What the exercise asks – Will you write out the data exactly, excluding every picture?

Given information –

[Start of section]

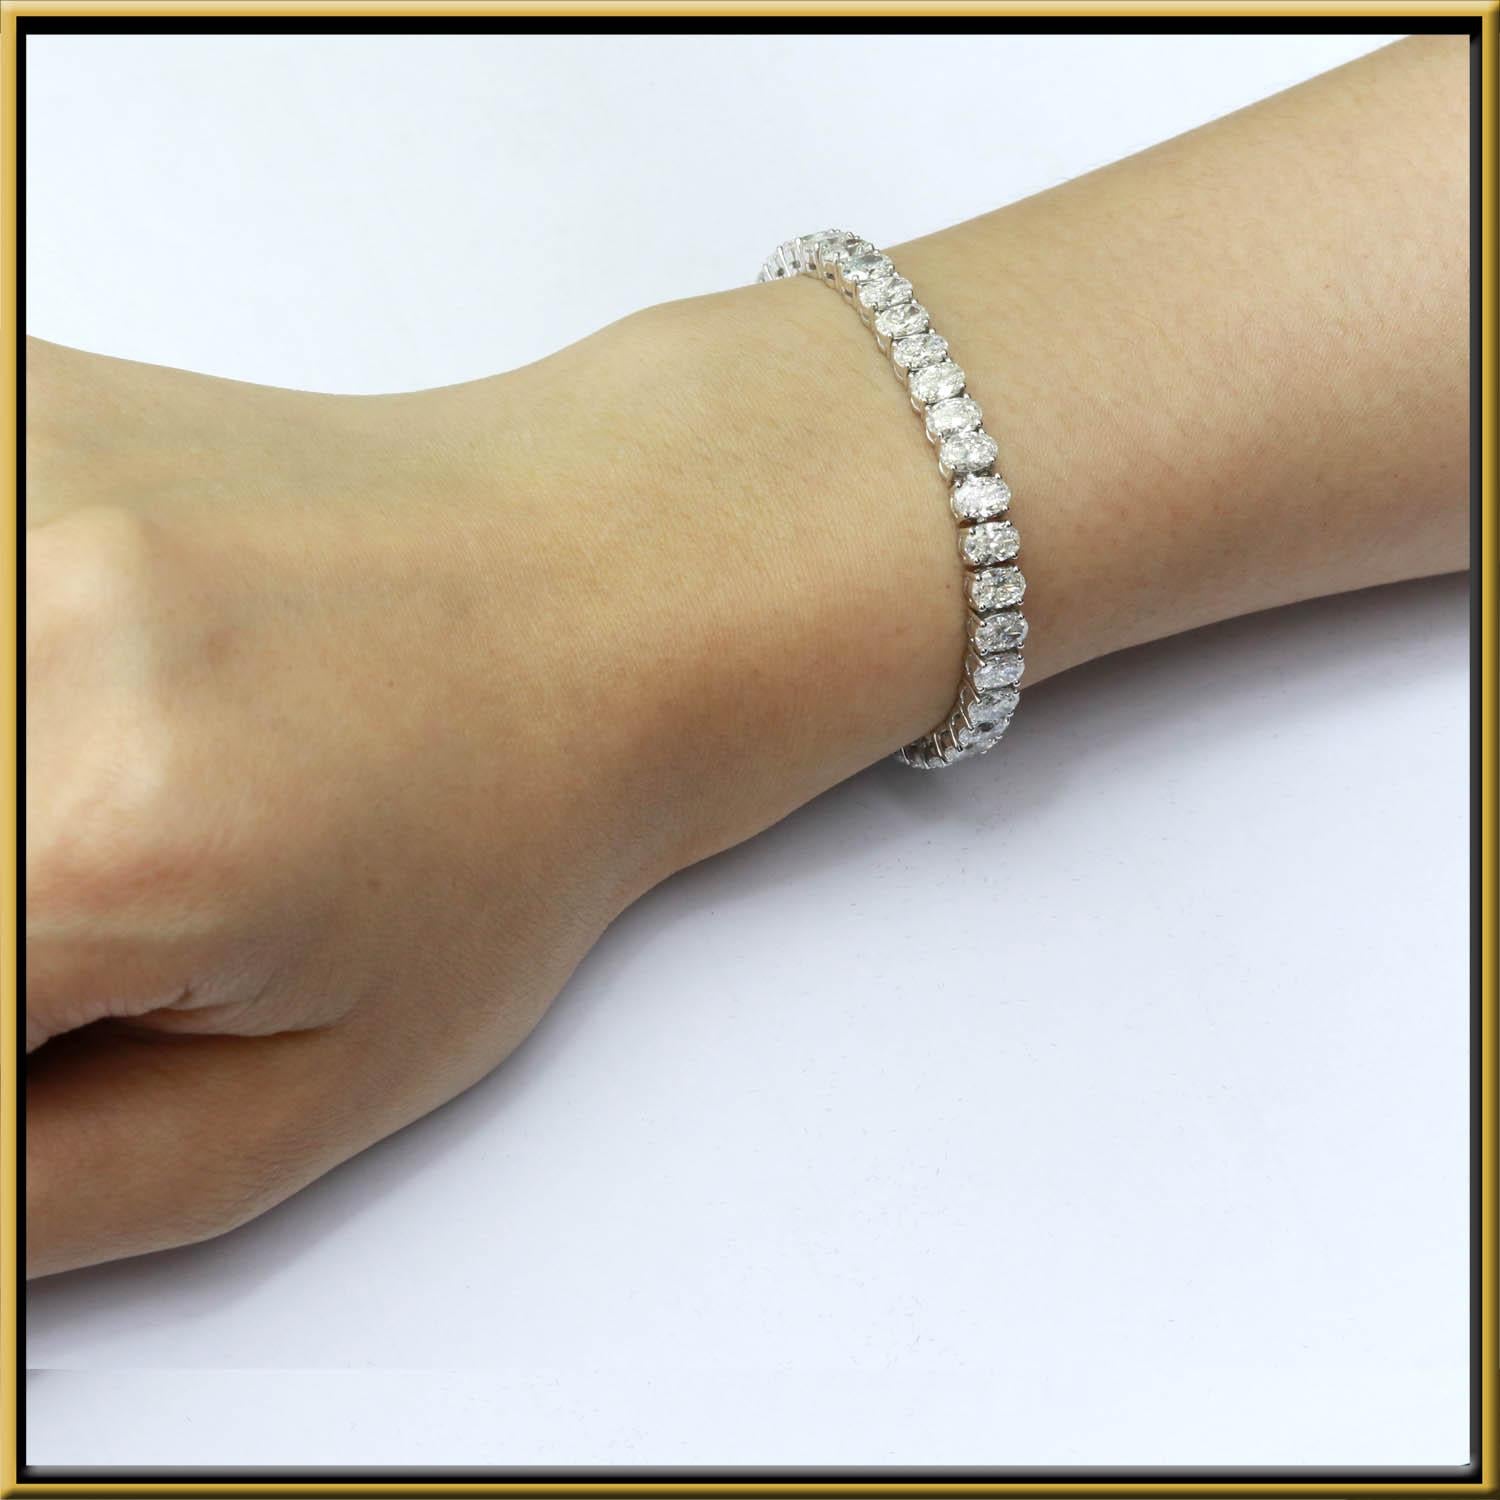 Tennis Bracelet with .30ct Oval Cut Diamonds set in 18k Gold. Total weight is approximately 14.3ct.
This is a classic statement bracelet that never goes out of style. 
It is lightweight yet durable, making it a perfect daily wear item.
The stone

[End of section]

Reply to the task –
 Tennis Bracelet with .30ct Oval Cut Diamonds set in 18k Gold. Total weight is approximately 14.3ct.
This is a classic statement bracelet that never goes out of style. 
It is lightweight yet durable, making it a perfect daily wear item.
The stone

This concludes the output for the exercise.